- Church: Roman Catholic Church
- See: Diocese of Hyderabad
- In office: 2014 –
- Predecessor: Max John Rodrigues

Orders
- Ordination: 10 December 1993
- Consecration: 31 January 2015 by Max John Rodrigues, Joseph Coutts, Sebastian Francis Shaw

Personal details
- Born: 29 January 1961 (age 65) Hyderabad, Pakistan

= Samson Shukardin =

21st-century Catholic bishop

P. Samson Shukardin, OFM (born 29 January 1961) is a Pakistani Catholic prelate who has served as Bishop of Hyderabad since 2014. He is a member of the Order of Friars Minor.

==Early life and education==
Shukardin was born on 29 January 1961, in Hyderabad. After schooling at St Bonaventure's High School in Hyderabad and at Government Boys College, he entered the Order of Friars Minor.

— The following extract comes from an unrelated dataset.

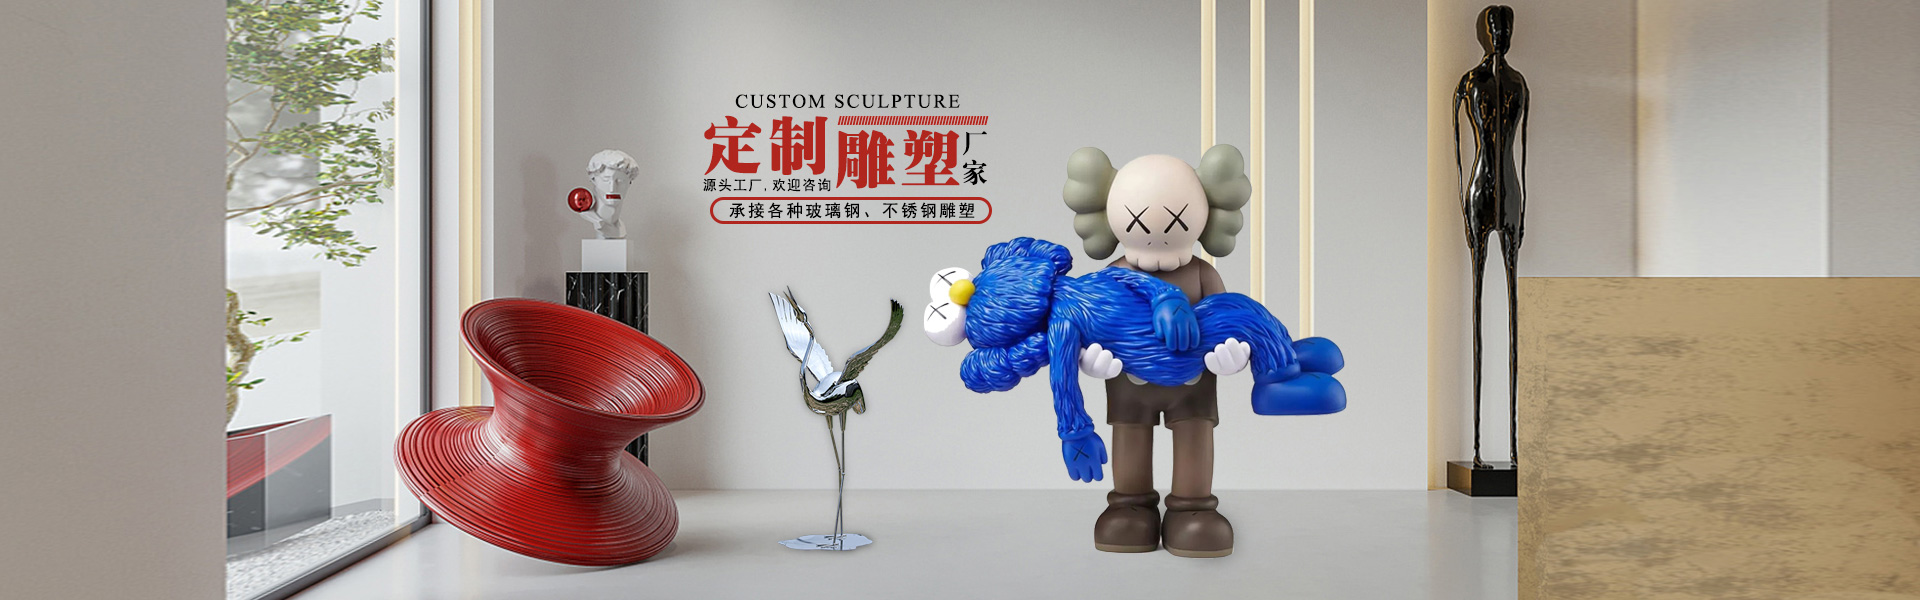 玻璃钢雕塑定制和不锈钢雕塑定制

In 1992, Shukardin graduated with a Bachelor of Arts degree from the Sindh University, Jamshoro, and later earned a degree in Theology at the National Catholic Institute of Theology in Karachi. In 1998, he completed a degree in Civil Law studies at the Sindh Muslim Law College.

==Career==
Shukardin was ordained a priest on 10 December 1993. Since then he has served from 1993 to 1996 as assistant priest in Gujrat, Diocese of Islamabad-Rawalpindi; from 1996 to 2004 as Procurator of the Franciscan Province; from 2004 to 2008 as Guardian of the Franciscan Order and President of the Conference of Major Superiors of Pakistan; since 2008 as pastor of St. Elizabeth Church in Hyderabad, and Diocesan Director of the National Commission for Justice and Peace. Since 2010, he has been the Vicar General of the Diocese of Hyderabad.

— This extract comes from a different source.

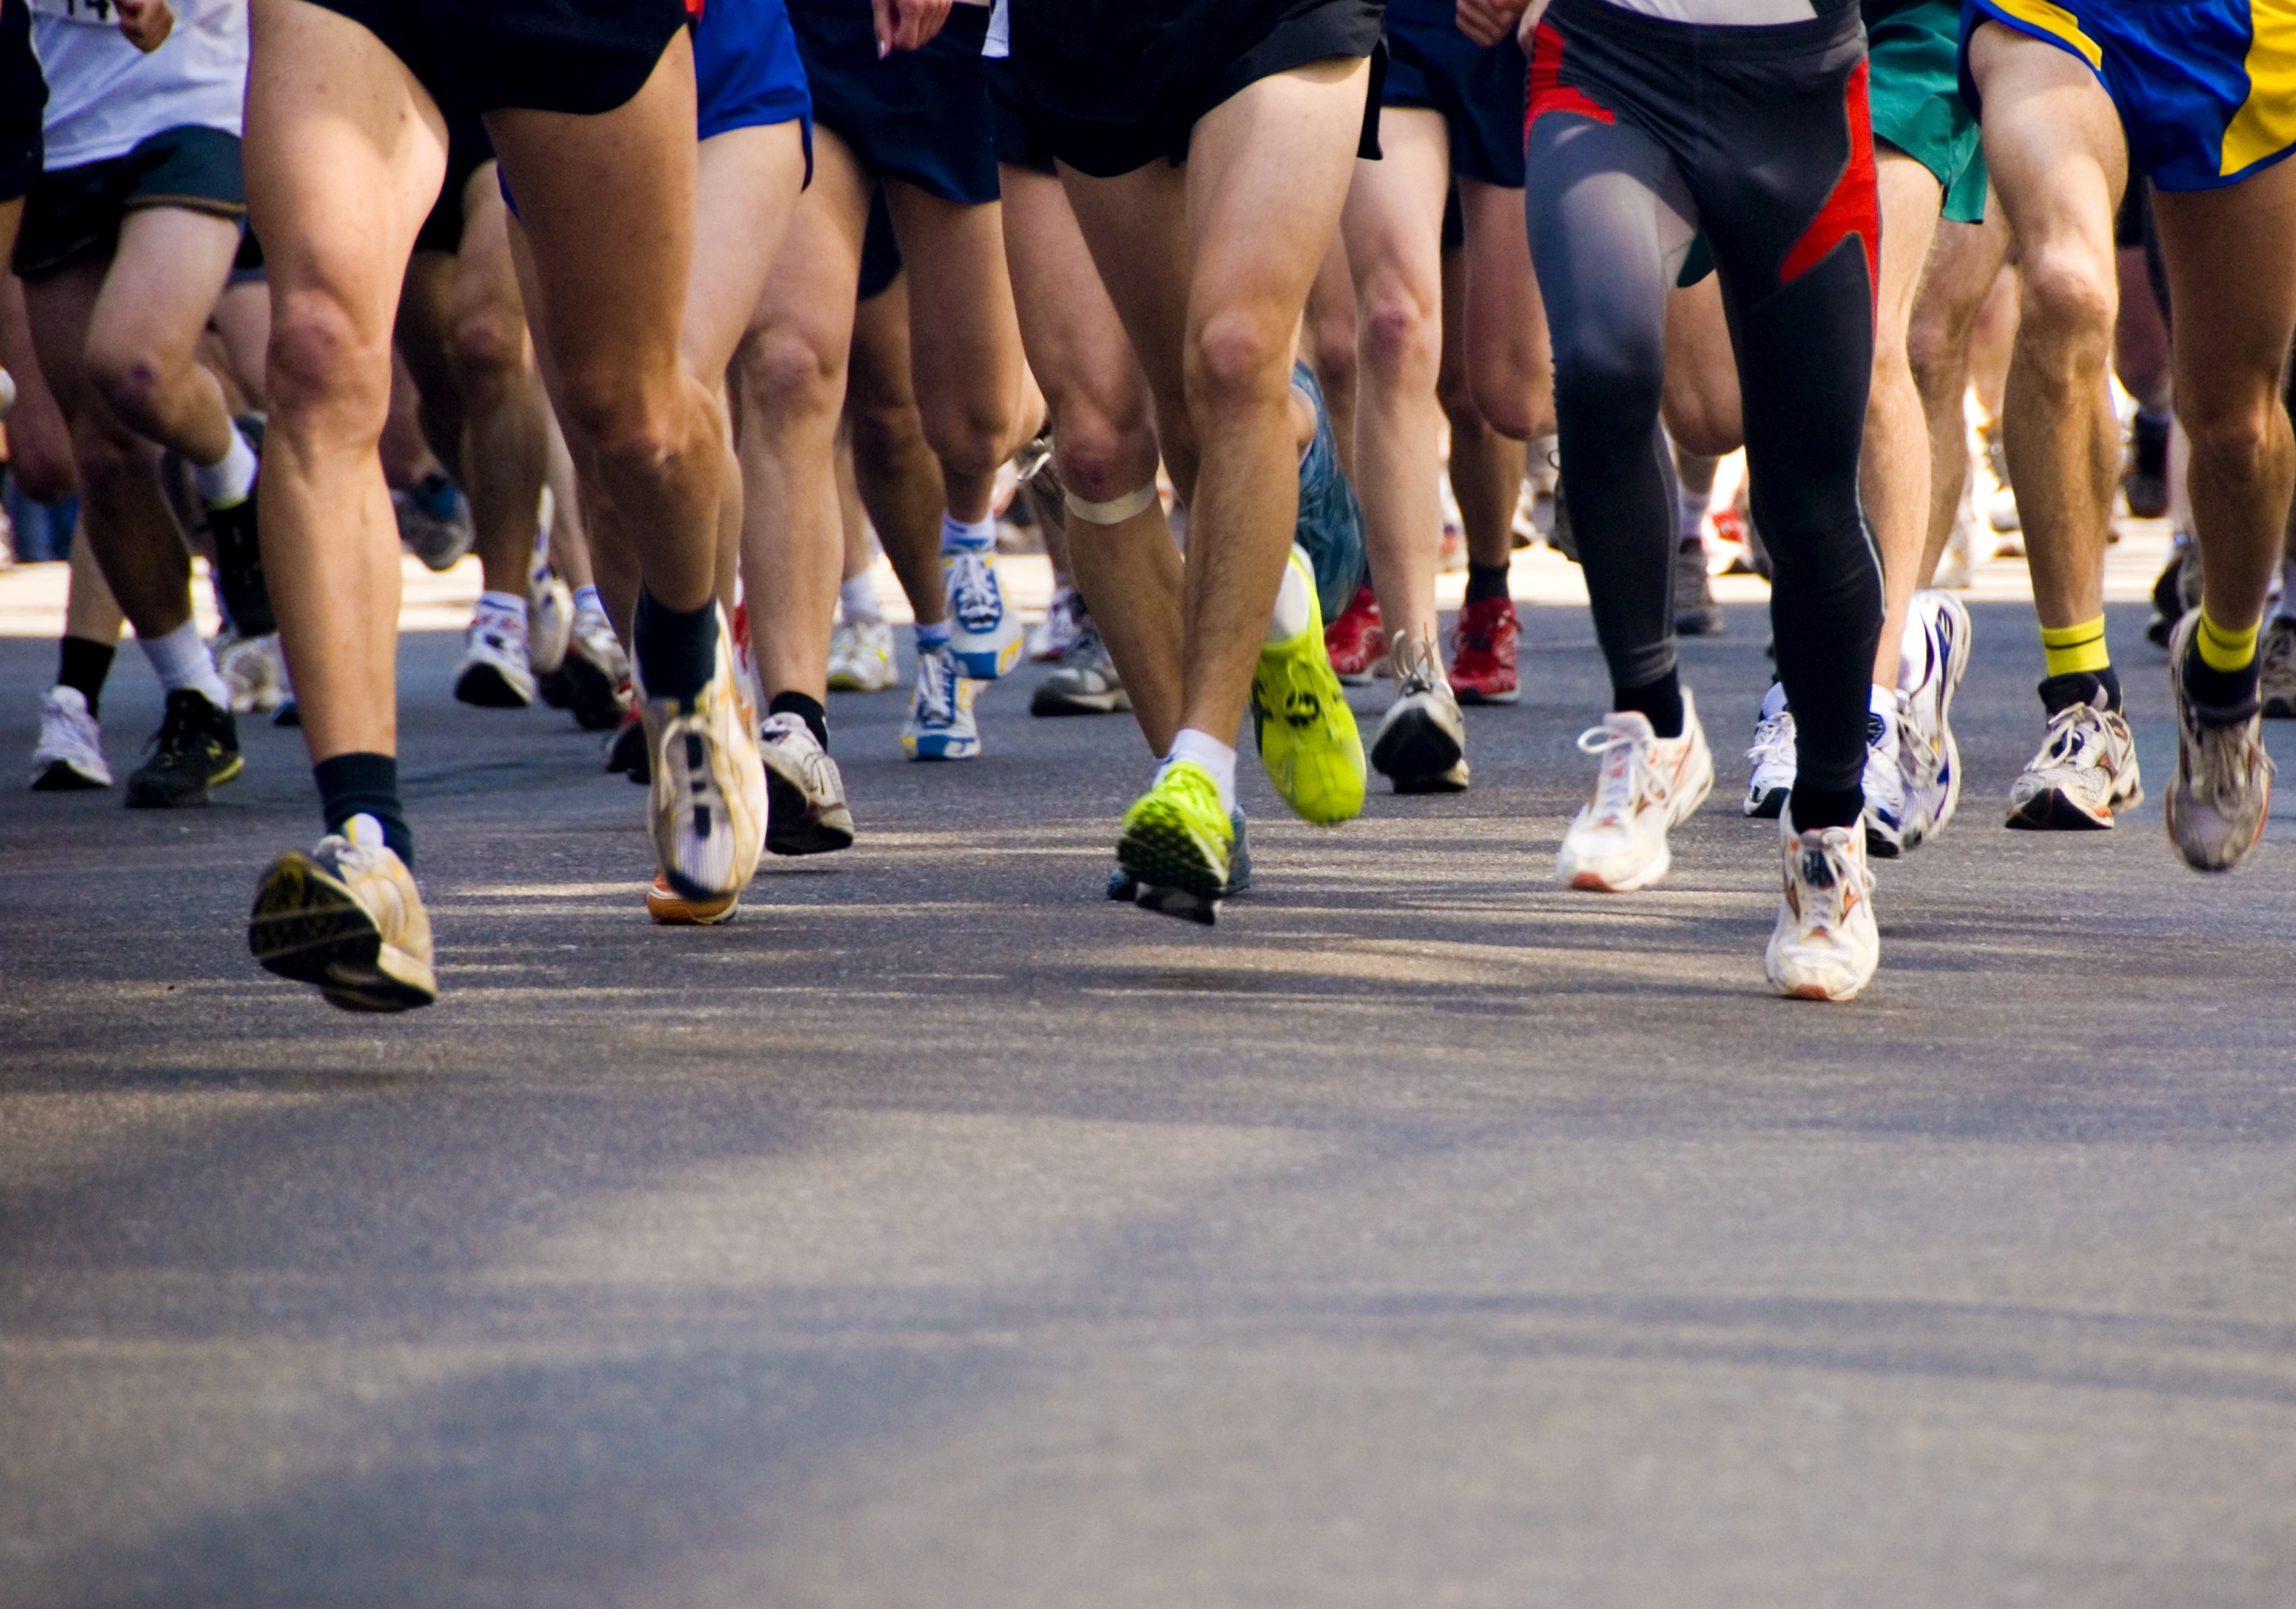 """La Dirección de Deportes de la Municipalidad de Berisso informó que este sábado 13 de octubre se llevará a cabo la tradicional """"Maratón del Inmigrante"""", en el marco de los festejos de la 41ª edición de la Fiesta Provincial del Inmigrante."""

In 2020, Shukardin became chairperson of the National Commission for Justice and Peace.

==Appointment==
On 16 December 2014, Pope Francis accepted the resignation of Bishop Max John Rodrigues in accordance with canon 401 § 1 of the Code of Canon Law. The Pope then appointed Shukardin as the new bishop of the diocese.

Shukardin was consecrated bishop on 31 January 2015. The principal consecrator was Max John Rodrigues, Bishop Emeritus of Hyderabad, while the co-consecrators were Archbishop Joseph Coutts of Karachi and Archbishop Sebastian Francis Shaw of Lahore.

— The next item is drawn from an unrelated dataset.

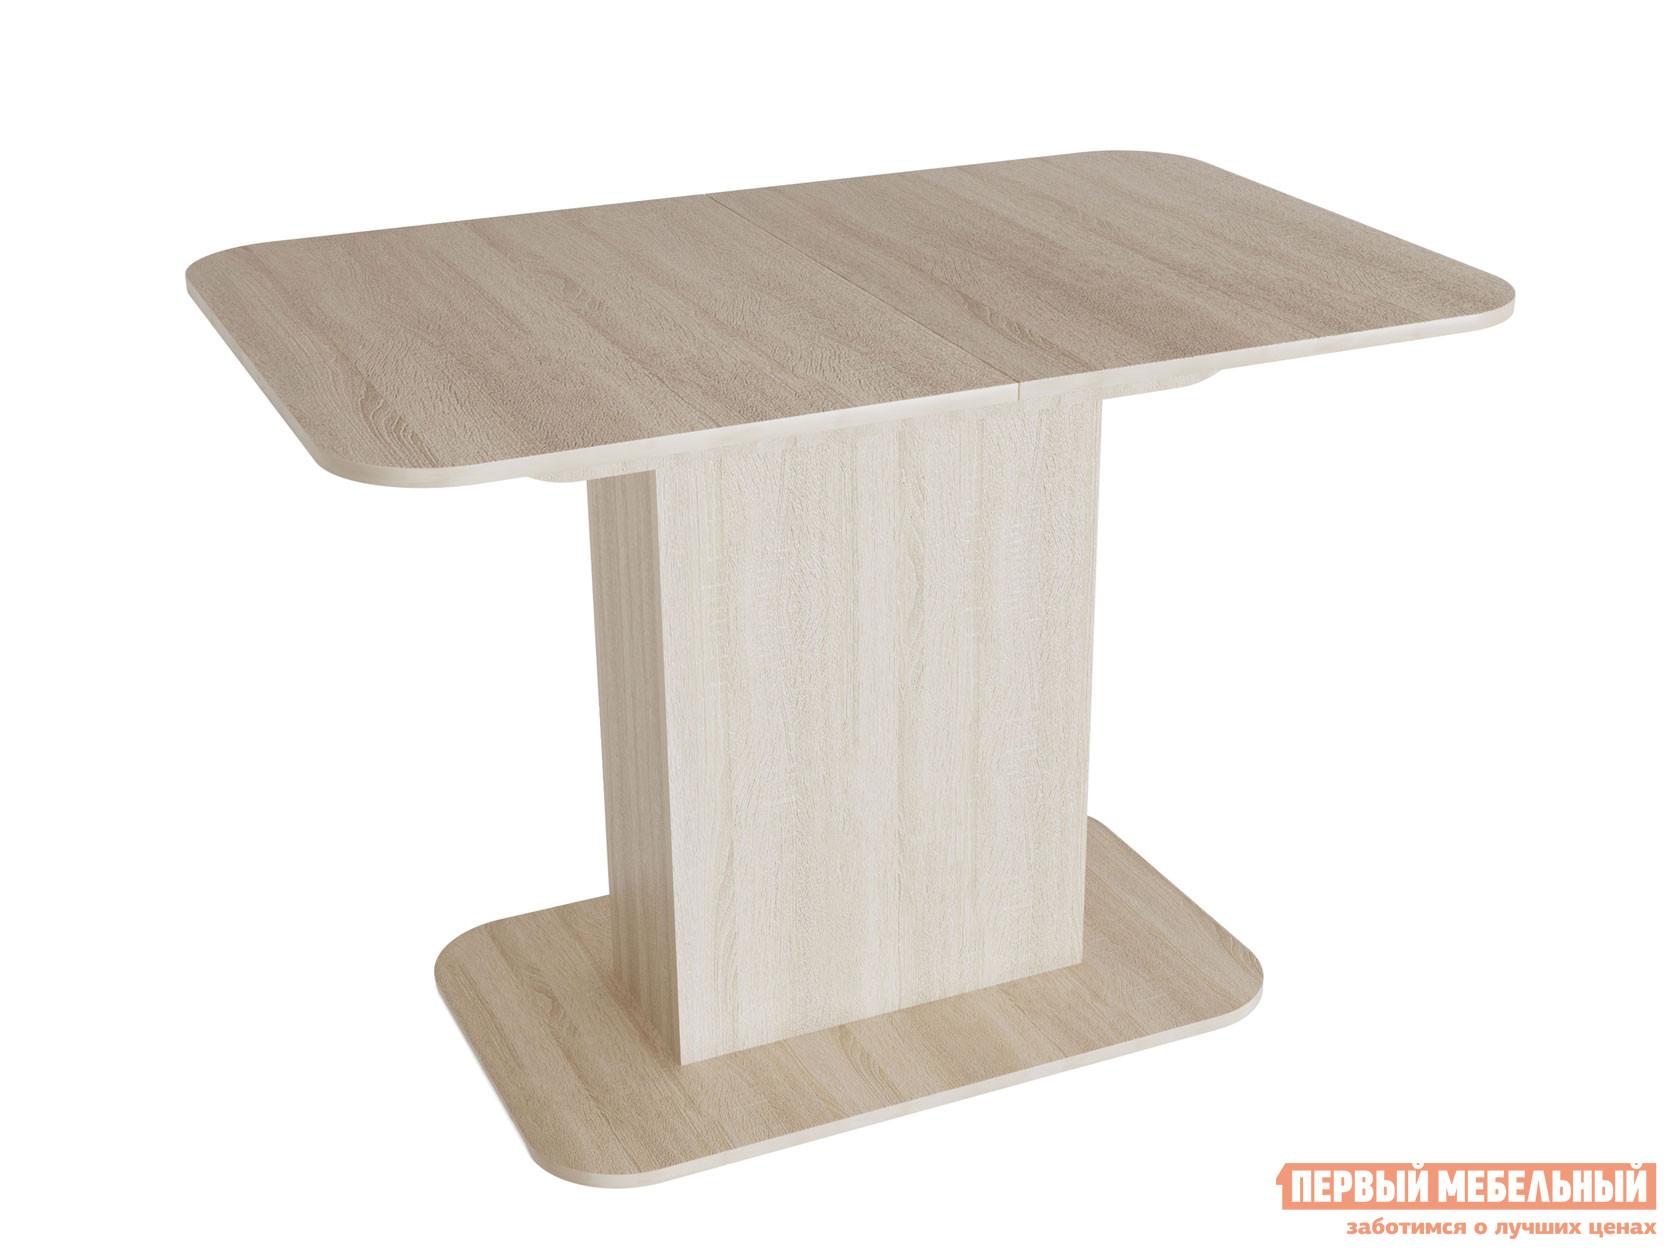 Кухонный стол  Стол Форт Дуб Сонома — Стол Форт Дуб Сонома

The Diocese of Hyderabad covers 137,000 square kilometers, with a population of 22,300,000 of which almost 50,000 are Catholic. It is served by 15 parishes, 30 priests, and 89 nuns.

==Recent events==
Speaking against discrimination against religious minorities, Shukardin told reporters on 10 December 2015, that Pakistan's human rights record was so poor that it was voted off the U.N. Human Rights Council.

On 1 December 2015, along with many other former students, Shukardin gathered at the Karachi Gymkhana to celebrate the 94th birthday of his former school teacher John Baptist Todd.

In August 2020, Shukardin ordained to the priesthood Sunil Ashraf and Perkho Sono, OFM, at St. Francis Xavier Cathedral, Hyderabad.